To do: Wherever a picture appears in the listing below, leave it out and reproduce the rest exactly.

Data provided:

Start of Block

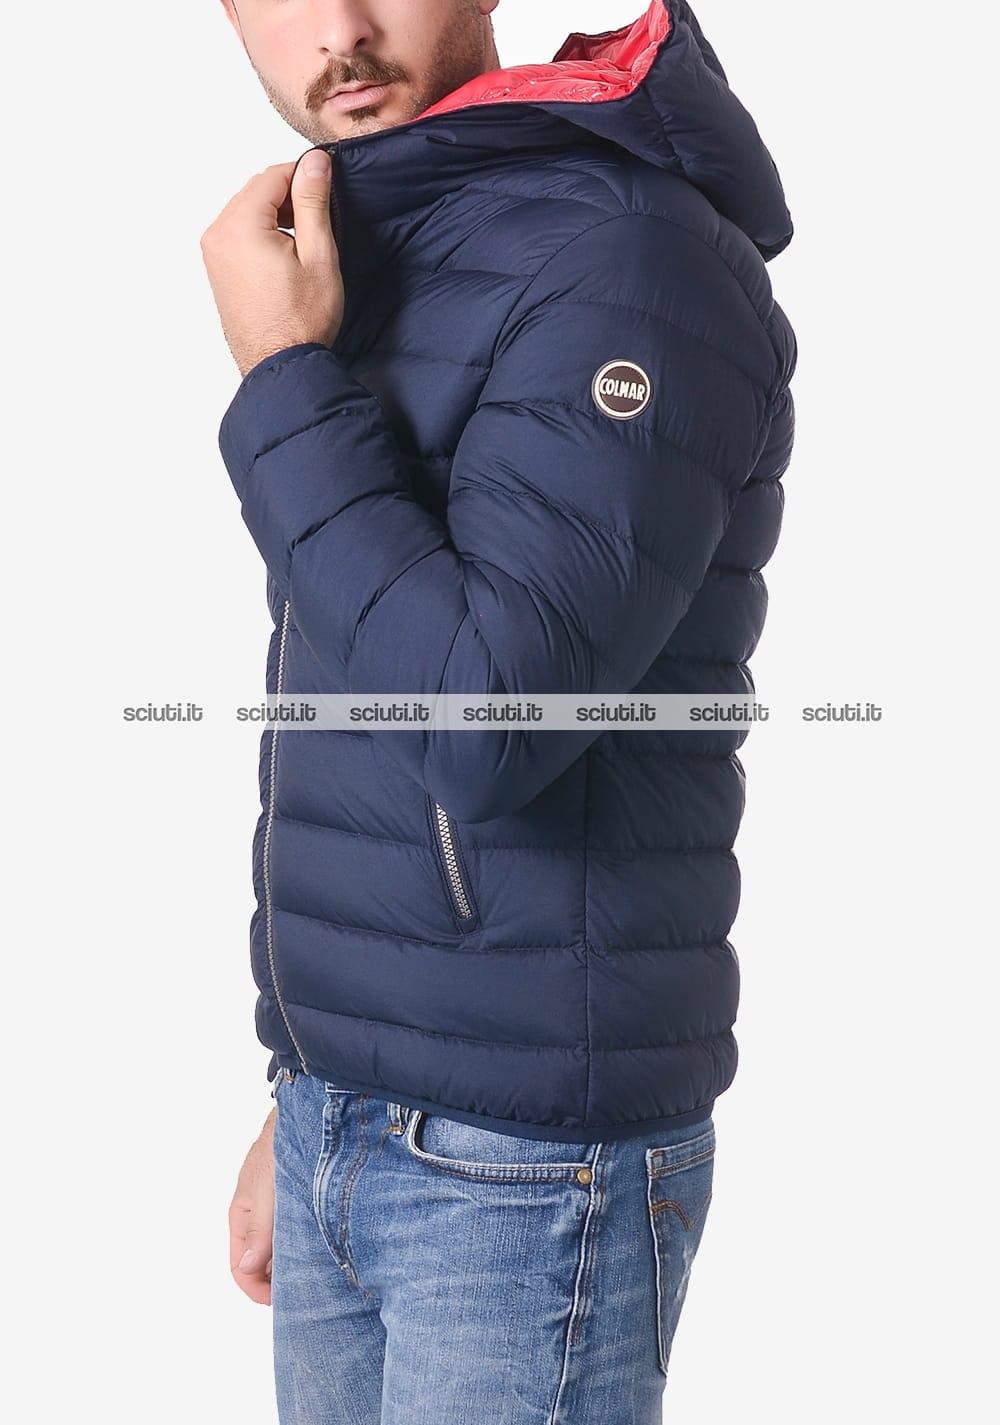 Piumino Colmar uomo blu scuro opaco pesante con cappuccio
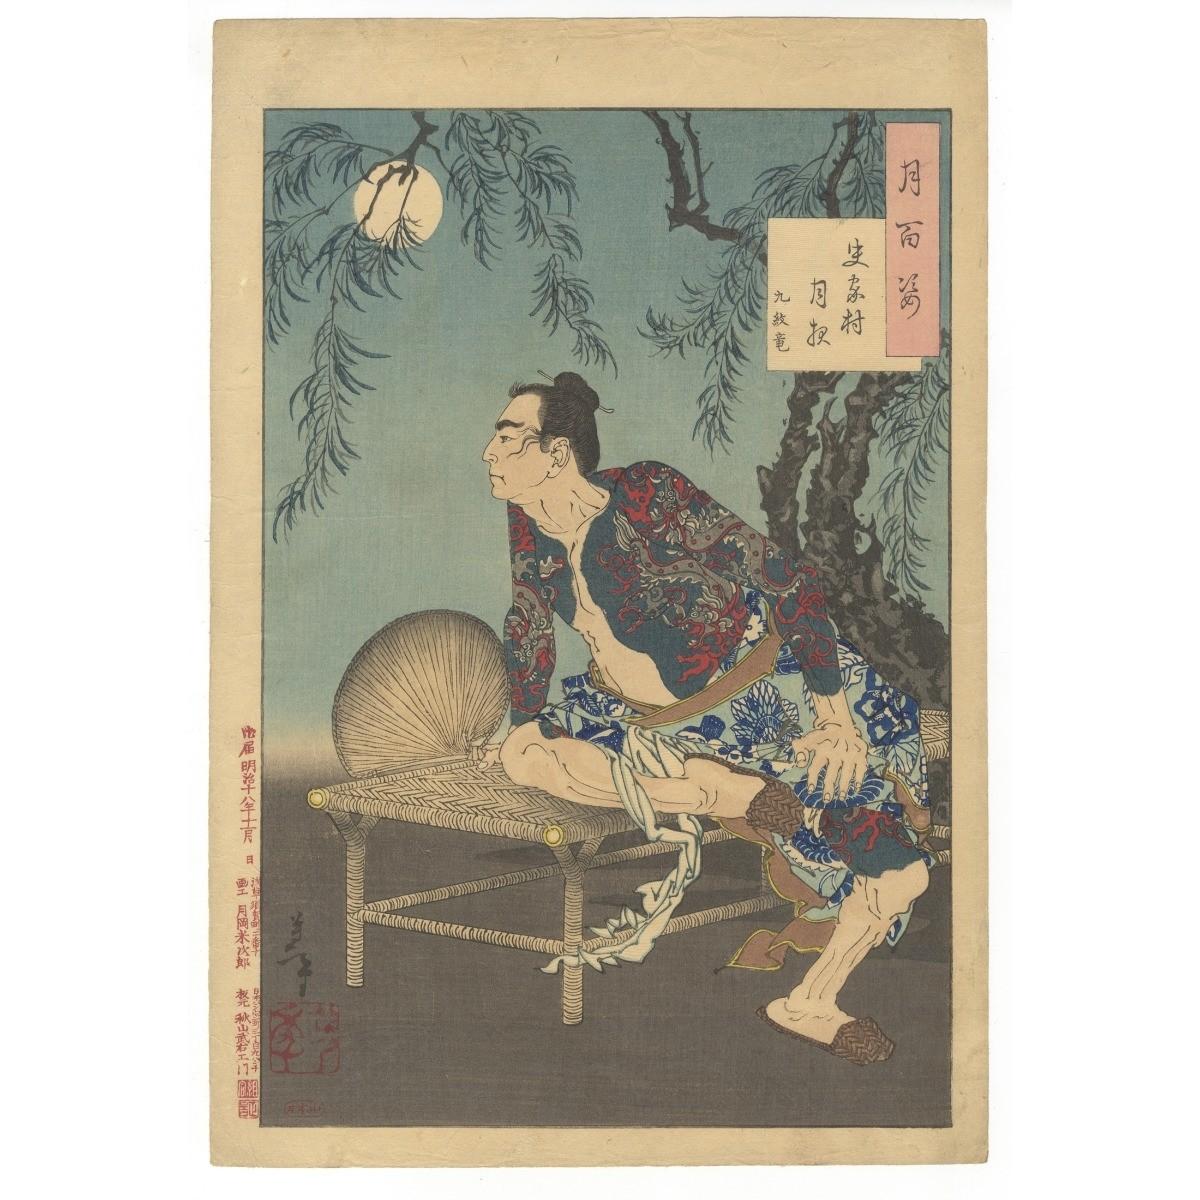 Yoshitoshi Tsukioka, Kumonryu, Dragon Tattoo
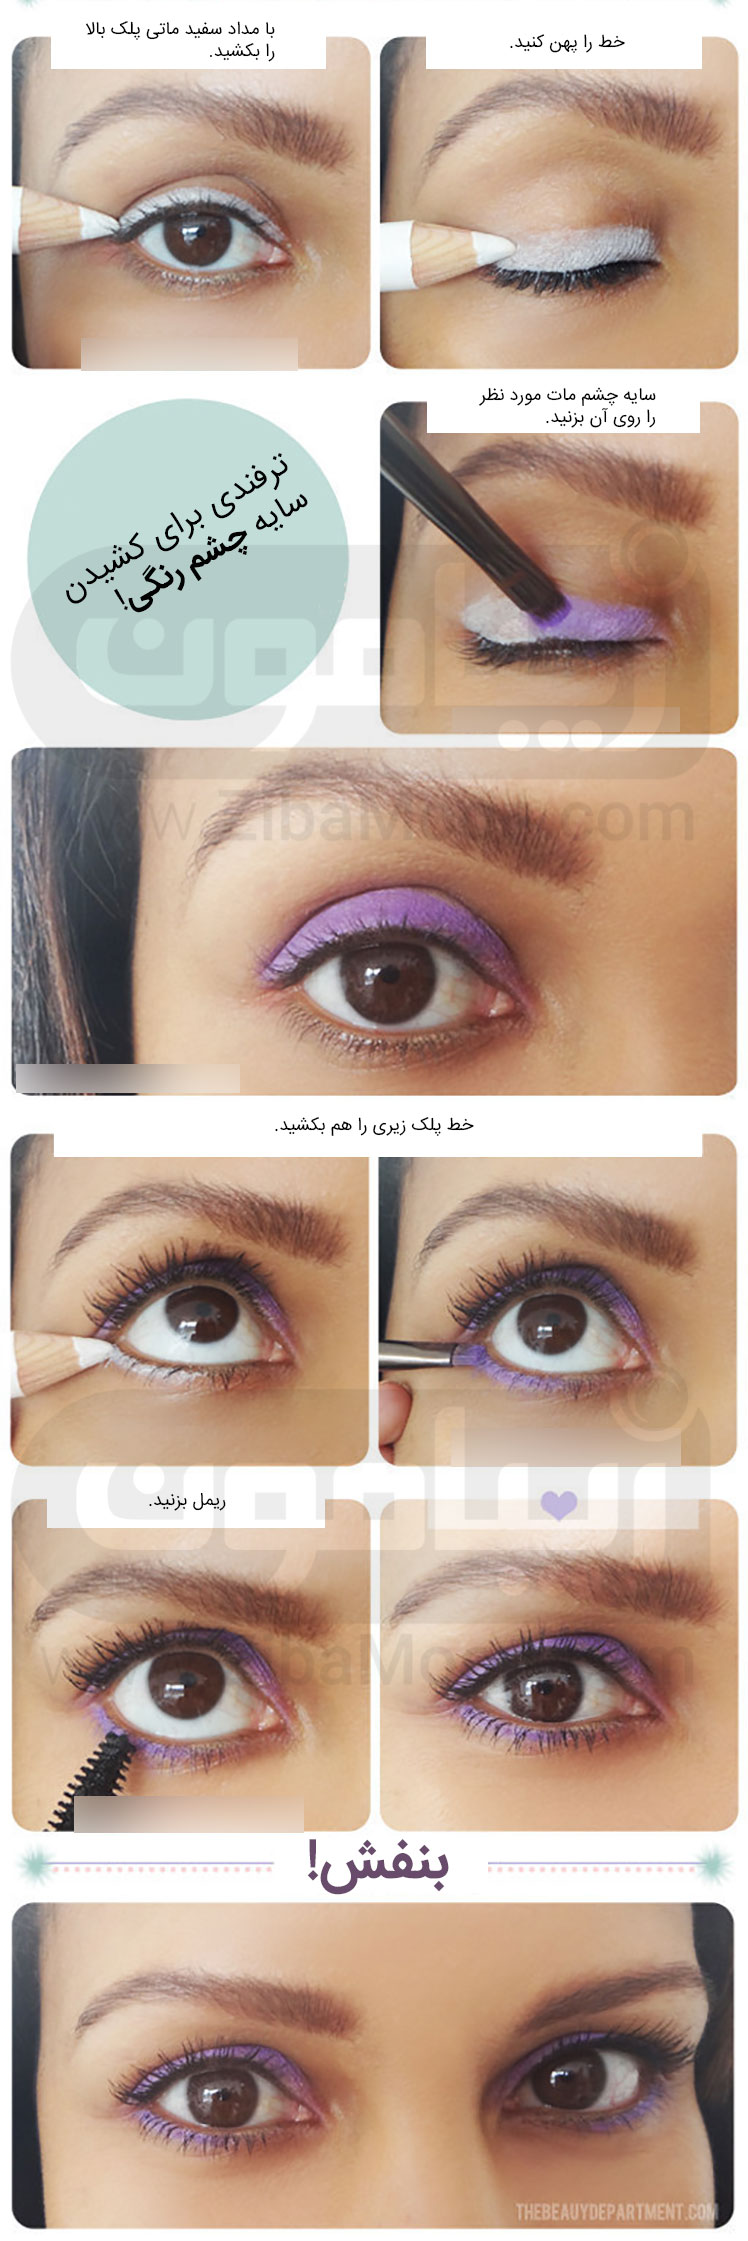 ترفند کشیدن سایه چشم رنگی

End of Block

Result of this exercise:
 Piumino Colmar uomo blu scuro opaco pesante con cappuccio
 Yoshitoshi Tsukioka, Kumonryu, Dragon Tattoo
 ترفند کشیدن سایه چشم رنگی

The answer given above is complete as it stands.